Мое купе, рассчитанное на двух человек, оказалось, к моему удивлению, пустым. Я закрыл дверь, закинул чемодан и саквояж на багажные полки, тяжело выдохнул. Успел. Никто меня не искал, никто не пытался остановить. Все прошло гладко, без сучка и задоринки. Чувство облегчения наполнило меня.
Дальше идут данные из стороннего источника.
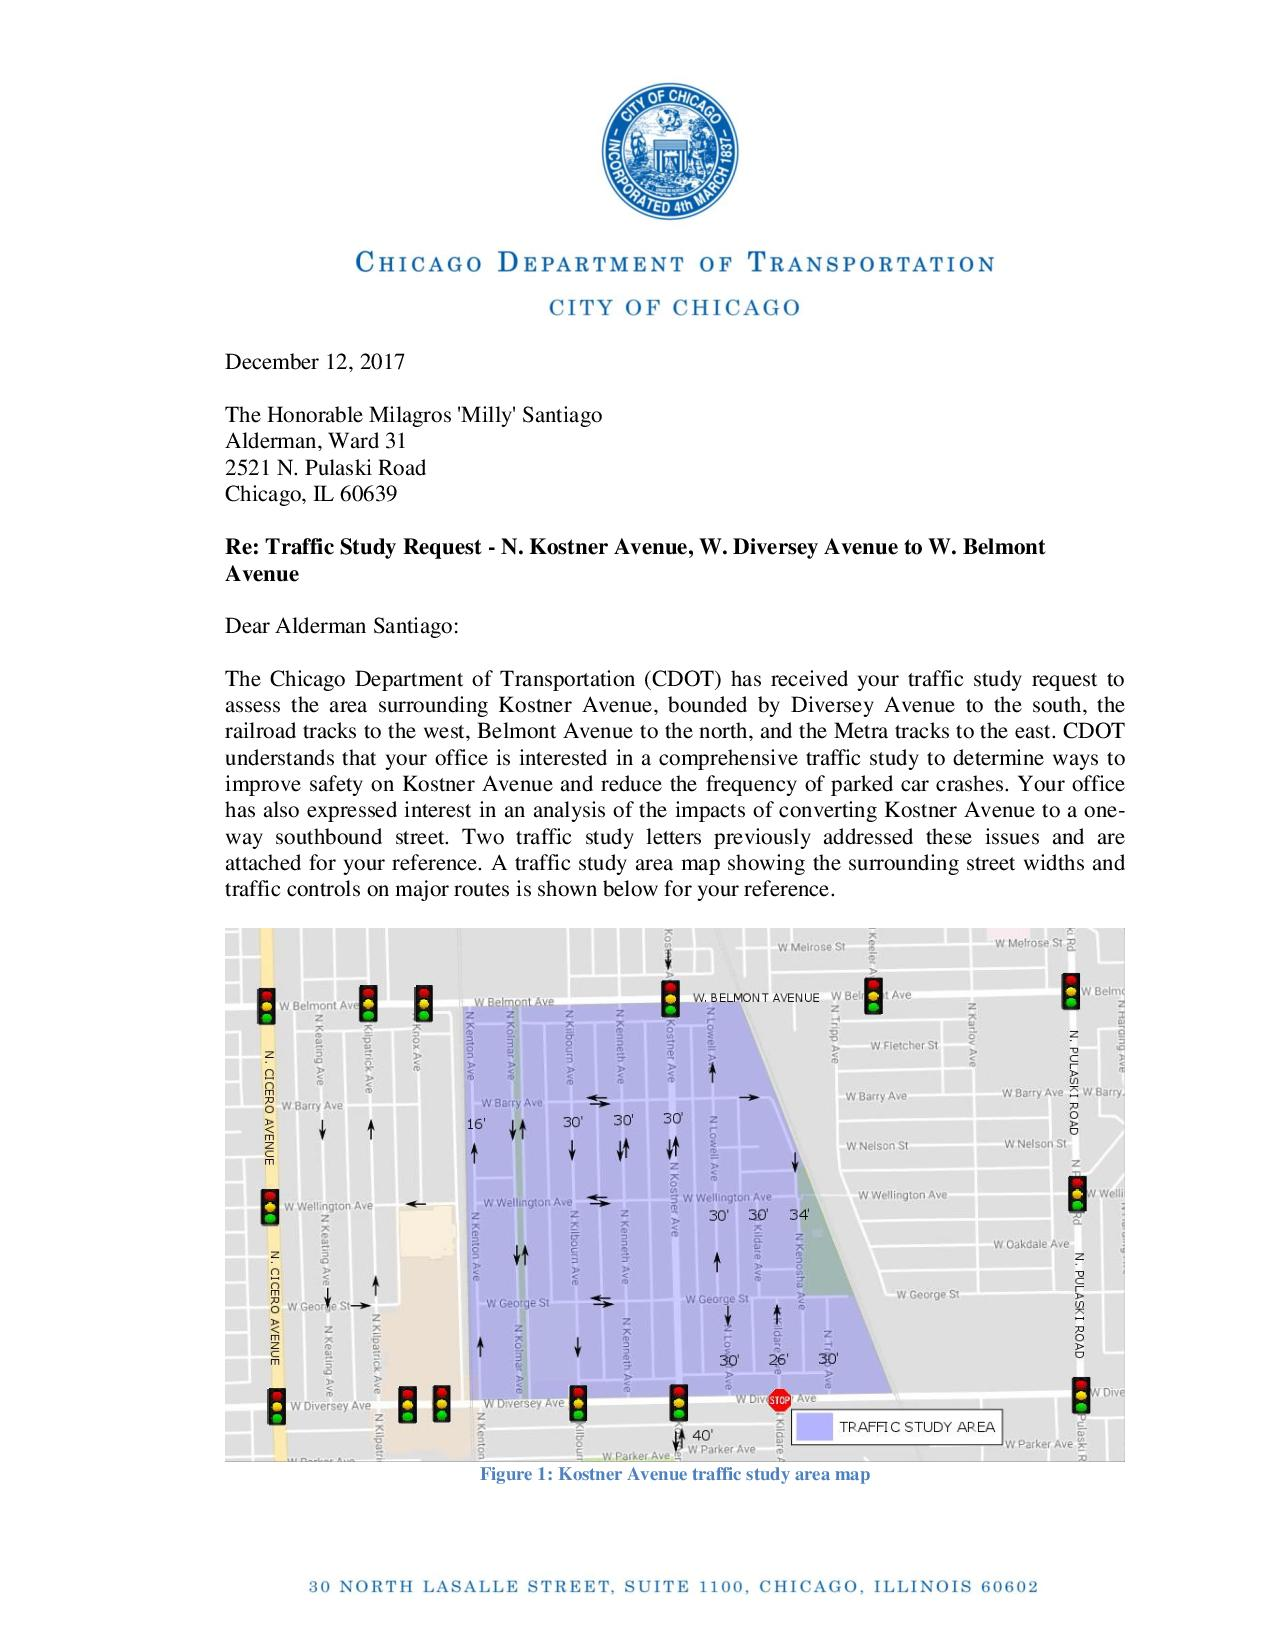 Kostner_Avenue_Traffic_Study_Letter-page-001.jpg

Поезд тронулся, набирая ход. За окном проносились все те же освободившиеся от снега поля, небольшие деревньки с дымящимися трубами. Деревянные избы с крышами мелькали в окне, сменяясь темными еловыми лесами. Воздух в вагоне, хоть и был несколько спертым от угольного дыма, казался спасительно теплым. Я сидел у окна, наблюдая за этим чужим, но каким-то до боли знакомым пейзажем, и ощущал странное предвкушение. Ох я тут развернусь…
Поездка до Петербурга прошла спокойно. Я ни разу не выходил из купе, опасаясь лишнего внимания. Ел то, что приносил проводник из вагона-ресторана, читал газеты, обдумывал дальнейшие планы. Ближайший год будет спокойным. Строительство КВЖД, 1-й съезд РСДРП, начало объединения эссеров… В следующем году полыхнет боксерское восстание в Китае, в подавлении которого поучаствует Россия. И заложит большую мину под будущем страны — окупация Манчжурии, мечты о Желтороссии…
В Петербурге, на Николаевском вокзале, я, не привлекая ничьего внимания, быстро пересел на другой поезд, направлявшийся в Либаву. Все прошло тихо, без спешки, без лишних вопросов.
Новое купе оказалось занято. Напротив меня, у окна, сидел невысокий, сутулый, с редкими волосами, что вились вокруг его большой, лысеющей головы, словно венок. Очки в толстой оправе сидели на орлином носу, а взгляд его голубых, слегка водянистых глаз был одновременно утомленным и проницательным. На попутчике был потрепанный, но добротный сюртук из серого сукна, манжеты его белой сорочки были засалены. Он держал в руках толстый, перевязанный бечевкой, фолиант и небольшой саквояж из потертой кожи.
— Разрешите представиться, — произнес он, поднимая голову и слегка улыбаясь. — Игнатий Петрович Чигаев, профессор Московского университета. Историк и археолог. Еду в экспедицию, и, признаться, дорога уже начала несколько утомлять.
— Итон Уайт, — ответил я, протягивая руку. Его рукопожатие было сухим, но крепким. — Американский предприниматель. Рад знакомству. Куда же путь держите?
— В Либаву. Оттуда пароходом до Швеции, а затем в Норвегию. Там, как известно, есть древние курганы викингов, которые я летом надеюсь исследовать. А вы, мистер Уайт? Тот самый? Золотой шериф?
— Да, — кивнул я.
— Русский язык у вас отменный! Но чувствуется какой-то непонятный акцент. Вы по-другому произносите слова.
— Никогда не жил в империи — пожал плечами я — Русские корни.
Поезд равномерно покачивался, издавая приглушенный стук колес. Я почувствовал, как усталость последних дней начинает давать о себе знать.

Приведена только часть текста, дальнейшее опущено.